**ASSIGNMENT**
Beginning with the first line, return the material verbatim and without pictures.

**SUPPLIED MATERIAL**
+ + + +

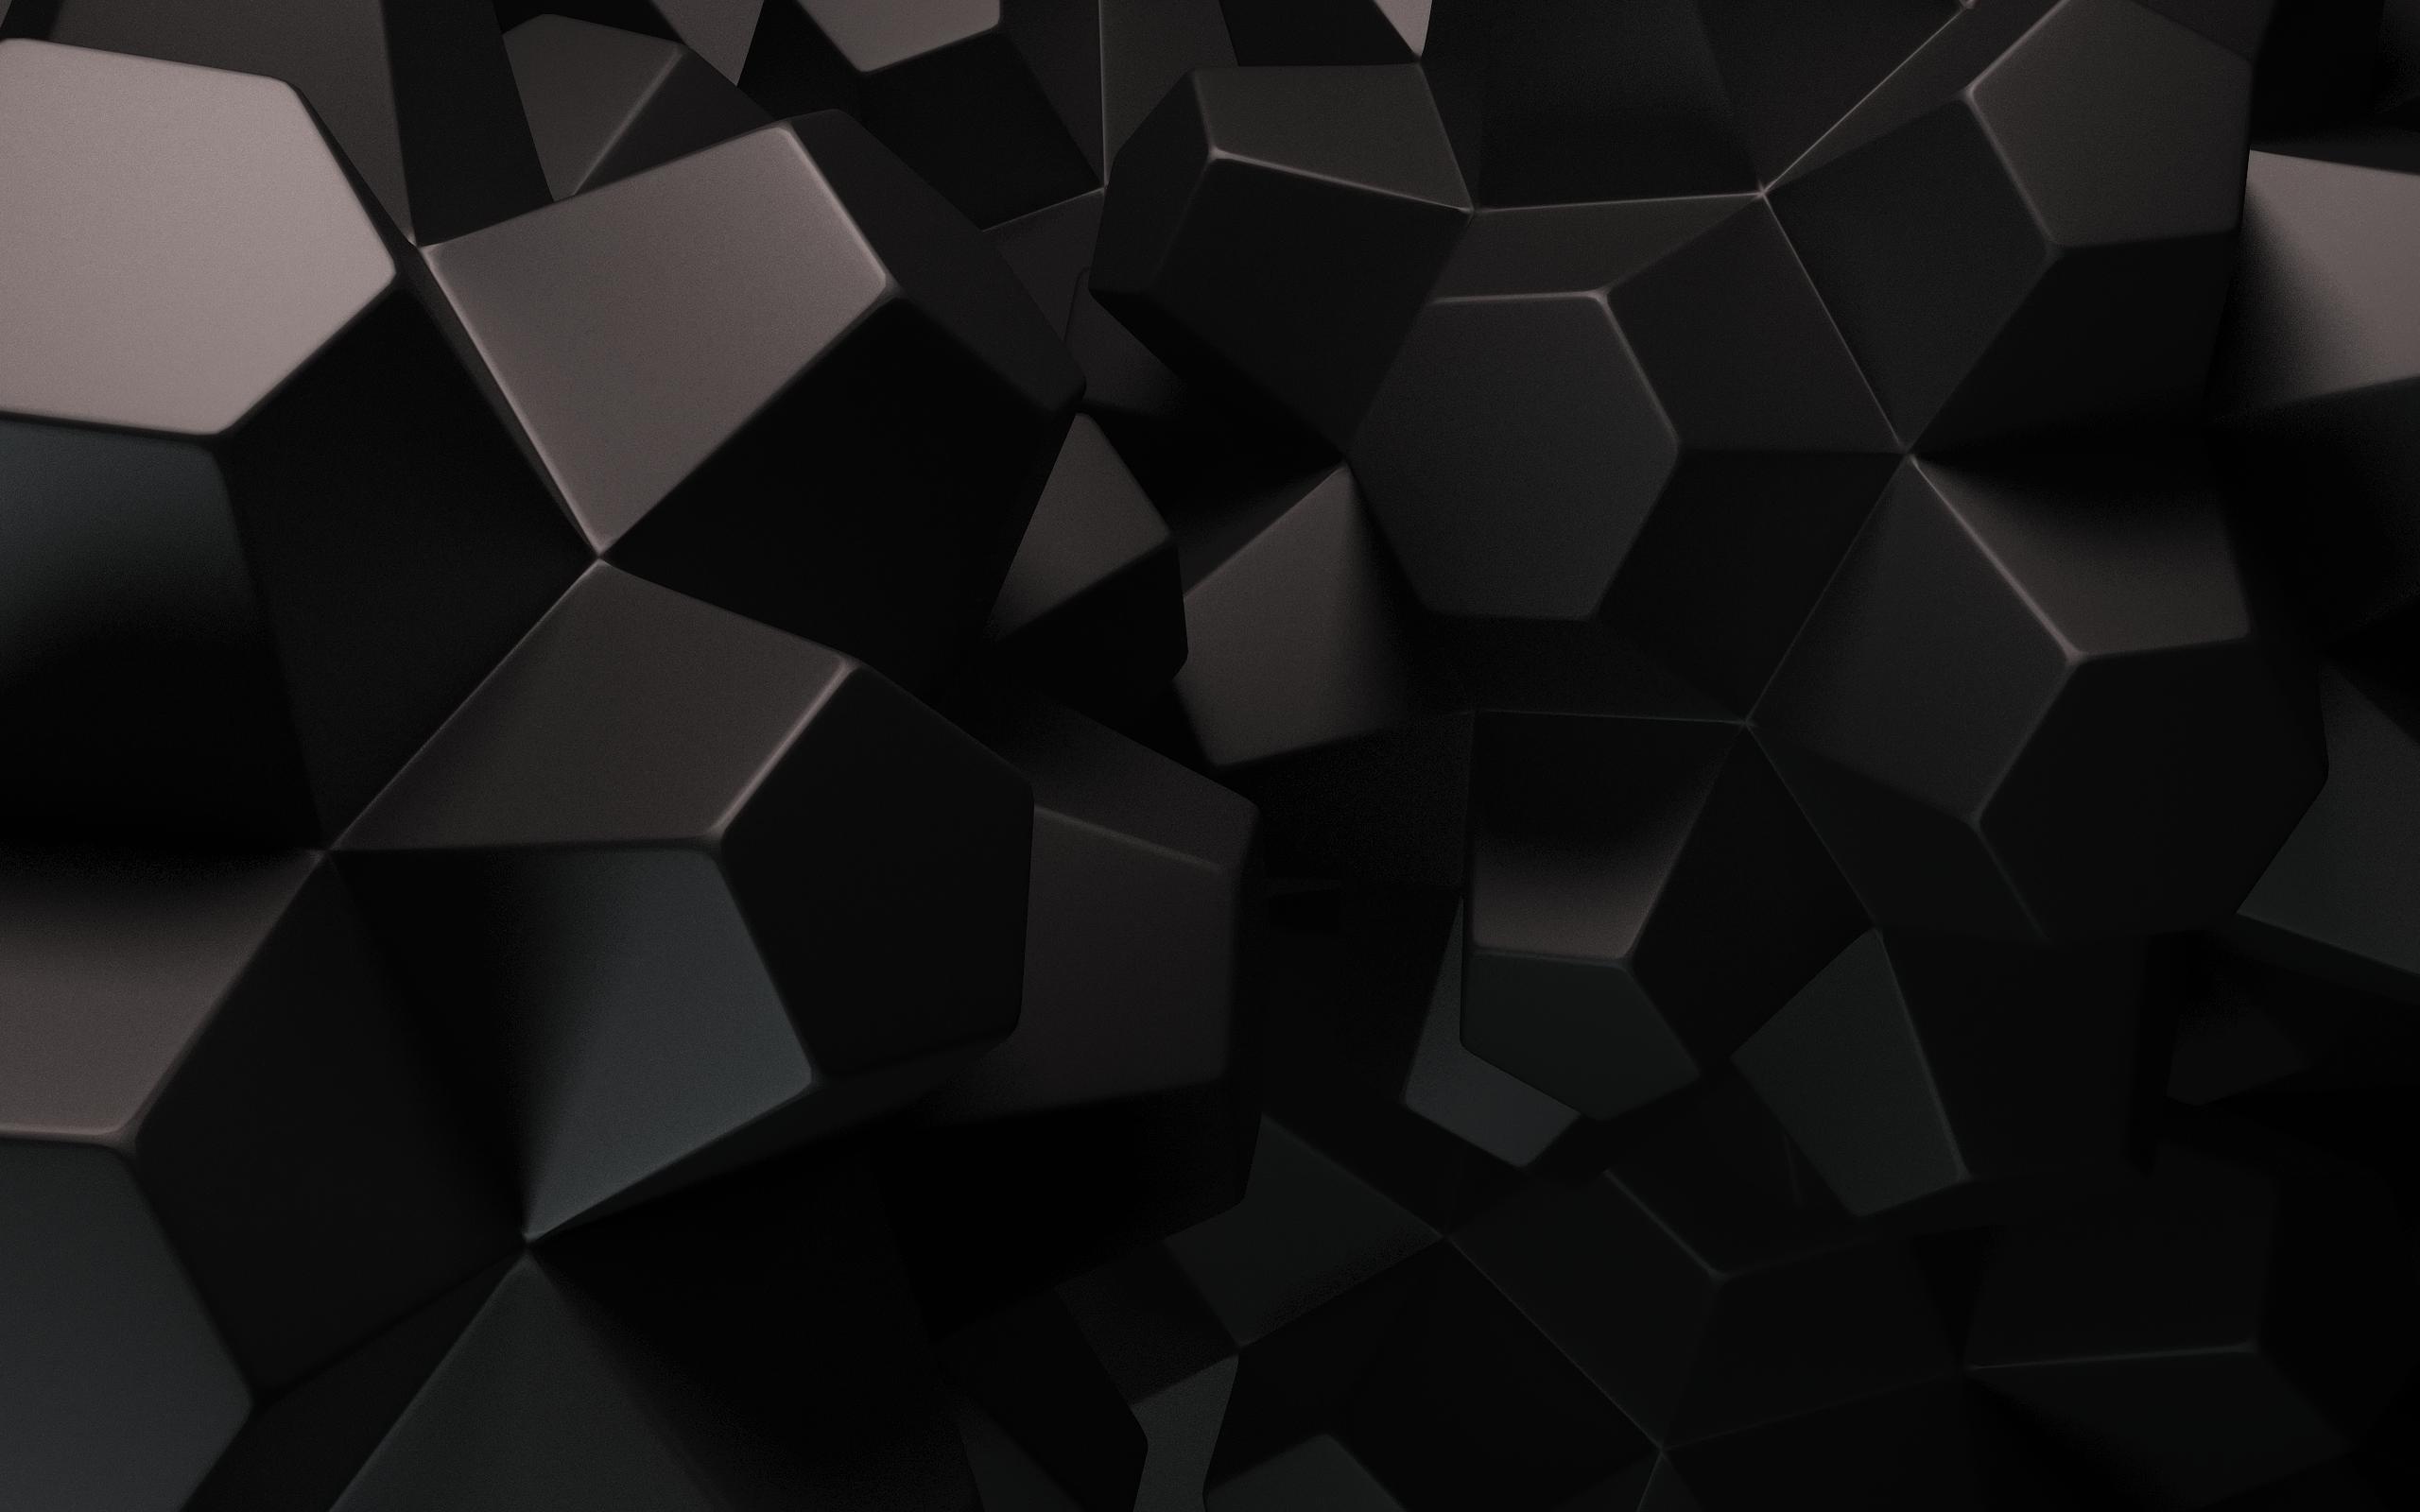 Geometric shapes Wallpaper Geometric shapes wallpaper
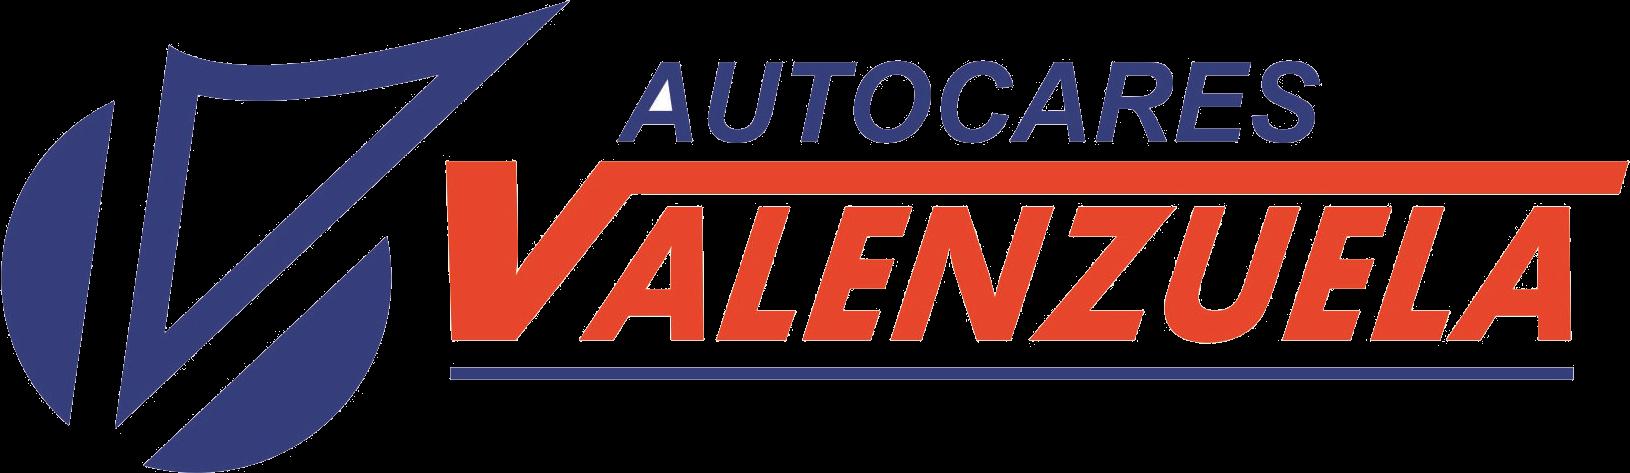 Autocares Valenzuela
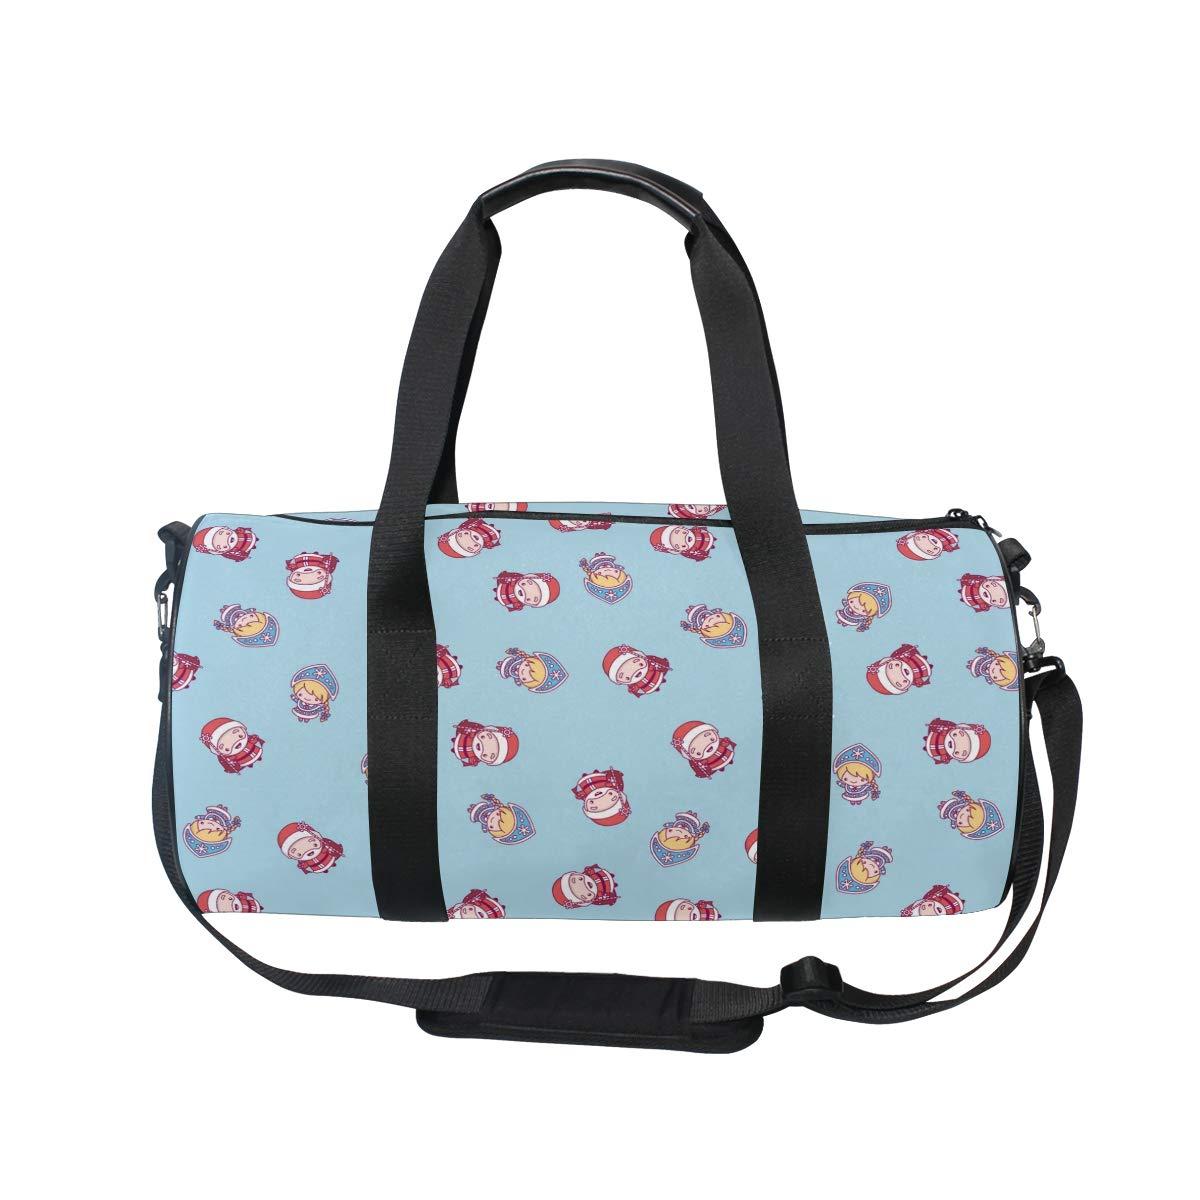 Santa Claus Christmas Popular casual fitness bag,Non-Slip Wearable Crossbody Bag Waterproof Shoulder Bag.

+ + + +

**ANSWER FOR THE TASK**
 Geometric shapes Wallpaper Geometric shapes wallpaper
 Autocares Valenzuela
 Santa Claus Christmas Popular casual fitness bag,Non-Slip Wearable Crossbody Bag Waterproof Shoulder Bag.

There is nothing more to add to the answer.